Buzzi sostiene di aver saputo da Luca Odevaine (come lui detenuto dal dicembre scorso, ndr ) in quale occasione Zingaretti e il suo entourage sarebbero stati corrotti. «Odevaine mi raccontò che in Provincia (dove era capo della polizia provinciale, ndr ) le operazioni sporche le facevano Cionci, Cavicchia (Antonio, direttore generale della Provincia, ndr ) e Venafro e mi raccontò ‘sta cosa dell’acquisto della sede della Provincia. Il palazzo fu comprato da Parnasi con un pre-contratto di acquisto, praticamente prima ancora che Parnasi costruisse l’immobile. Uno dei due grattacieli dell’Eur (quartiere a Ovest di Roma, ndr ) è diventato la sede della Provincia quando si sapeva già che la Provincia sarebbe stata soppressa. Quindi, viene bandita la gara per cercare la sede della Provincia, vince Parnasi e si incazza tanto Caltagirone, tant’è che il Messaggero fa campagna per giorni su questa storia. Anche perché Parnasi, con questa operazione che vale 180 milioni di euro, si salva dal fallimento. Ovviamente con un contratto in mano di acquisto da parte della Provincia, tutte le banche finanziarono Parnasi. Che da allora si è rimesso in pista e ora farà lo stadio nuovo della Roma». Buzzi riferisce ai pm le parole esatte che avrebbe pronunciato Odevaine: «Luca mi disse: “Che pensi, che ‘sta operazione l’hanno fatta gratis, lì? I soldi che ci hanno fatto Cavicchia e compagnia ci possono andare avanti per generazioni». Il pm Ielo lo interrompe: «Odevaine le disse i nomi di chi avrebbe preso i soldi?». E Buzzi: «Sì. Cavicchia, Cionci, Venafro e Zingaretti. Cionci per Zingaretti, ovviamente».

 

 

Se dalla Regione ci si sposta al consiglio Comunale, sostiene Buzzi che con la giunta Marino fossero cambiate le regole. «Con Alemanno — spiega — comandavano gli assessori.
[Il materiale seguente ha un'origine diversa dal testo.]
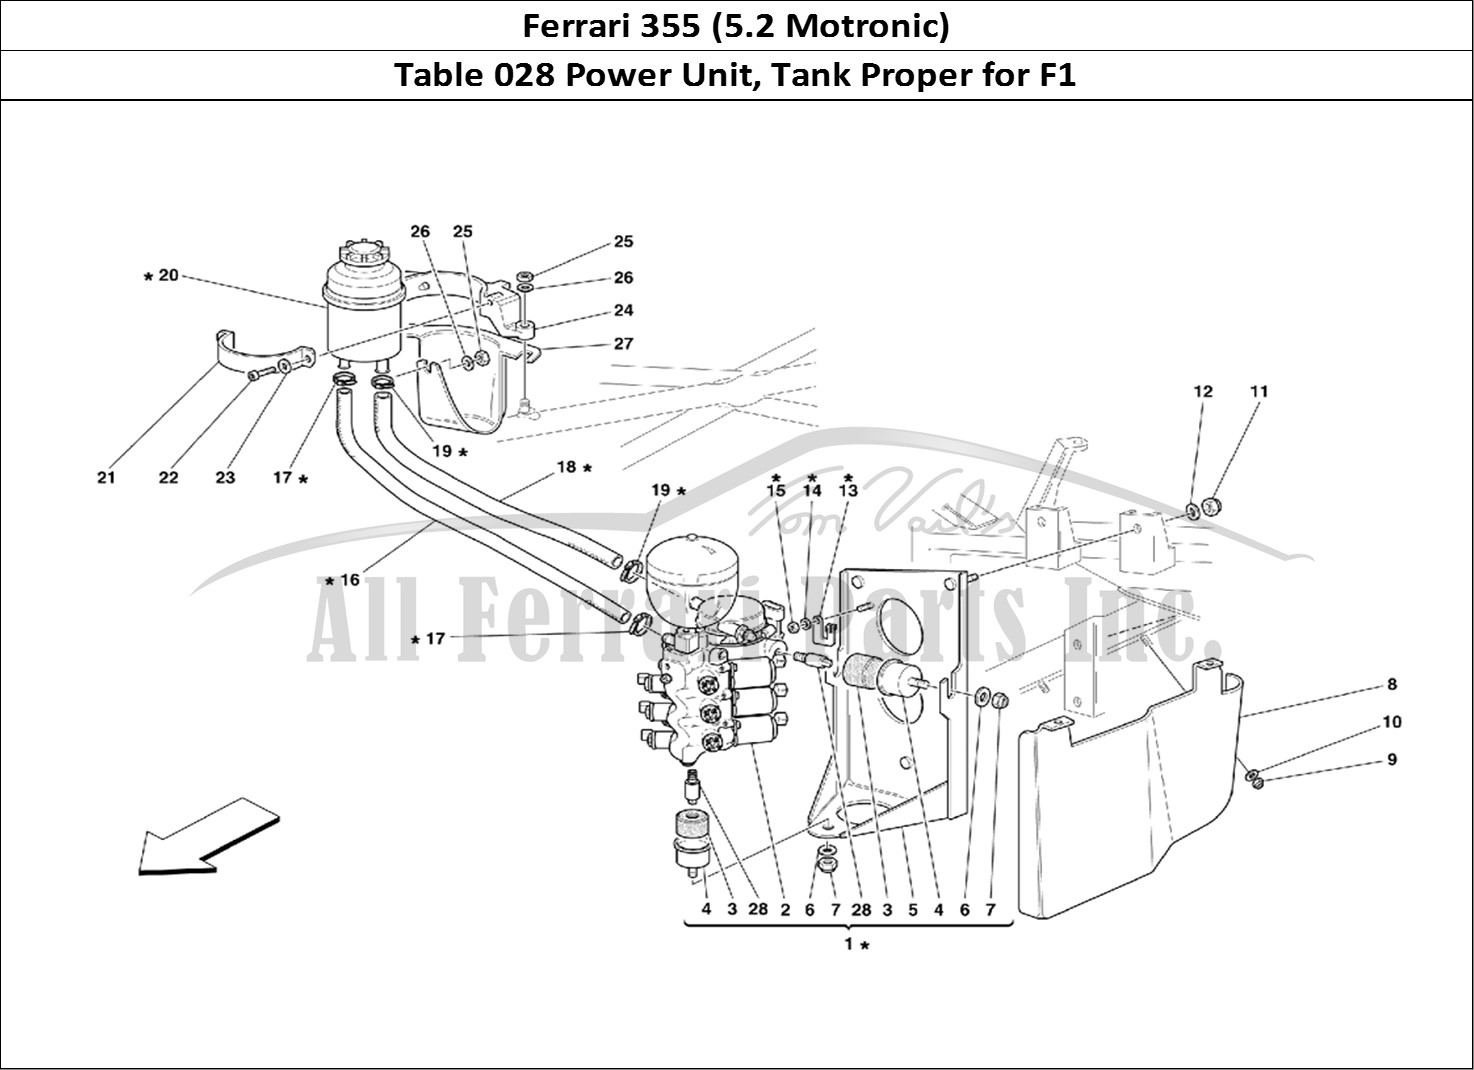 Buy original Ferrari 355 (5.2 Motronic) 028 Power Unit

Con Marino, i dirigenti dei dipartimenti». Mentre l’aula consiliare Giulio Cesare era diventata un suk dove la facevano da padrone i due capi- bastone del Pd, l’allora presidente dell’Assemblea Mirko Coratti e l’allora capogruppo Francesco D’Ausilio (a quest’ultimo, Buzzi sostiene di aver fatto arrivare, attraverso il suo capo segreteria Salvatore Nucera, una tangente da 6.500 euro per una gara per la pulizia delle spiagge di Ostia). «La regola era che si pagava la tangente sul valore del 50 per cento dei lotti di gara. E che, un lotto era indicato dalla politica. Era la politica che decideva a chi doveva essere assegnato». «Pagavate quanto? », chiede Ielo. «Il 3, 4, 5 per cento», risponde Buzzi. Che aggiunge: «Con D’Ausilio ci venne imposta per la prima volta una tassazione sulle gare per il servizio giardini e il V dipartimento (assistenza immigrati ndr.). Diceva D’Auisilio: “Dovete pagare tutto”. Avemmo una discussione. Gli dissi: “Non puoi entrare a gamba tesa sulle coop sociali”. Anche perché non potevo andare da una piccola coop sociale e dirgli “paga D’Ausilio”. Per questo ci accordammo con Nucera che si pagava solo sul 50 per cento dei lotti».

 

 

Diversa la storia che Buzzi racconta di Alemanno. Sostiene con i pm che, anche in quel caso, fu «costretto a pagare» per non perdere le gare con Ama. «Alla fine, a Panzironi (allora ad della municipalizzata, ndr ) gli ho dato tra 900 mila e 1 milione di euro». Una sanguisuga, «che se lo incontravo pe’ strada, je mettevo le mani addosso». E, tuttavia, di questo fiume di denaro preteso da Panzironi, anche in qualità di segretario della Fondazione Nuova Italia dell’allora sindaco, Alemanno nulla avrebbe saputo. «Io ho la prova indiretta — dice Buzzi — che Alemanno non sapesse che questo acchiappava i soldi in nero. Mi fu data un giorno che venne in visita al Bioparco con il cardinale Vallini l’allora assessore Visconti, Discutemmo di quanto dovevo dare per una gara. E lui mi disse: “Non voglio che Alemanno sappia”».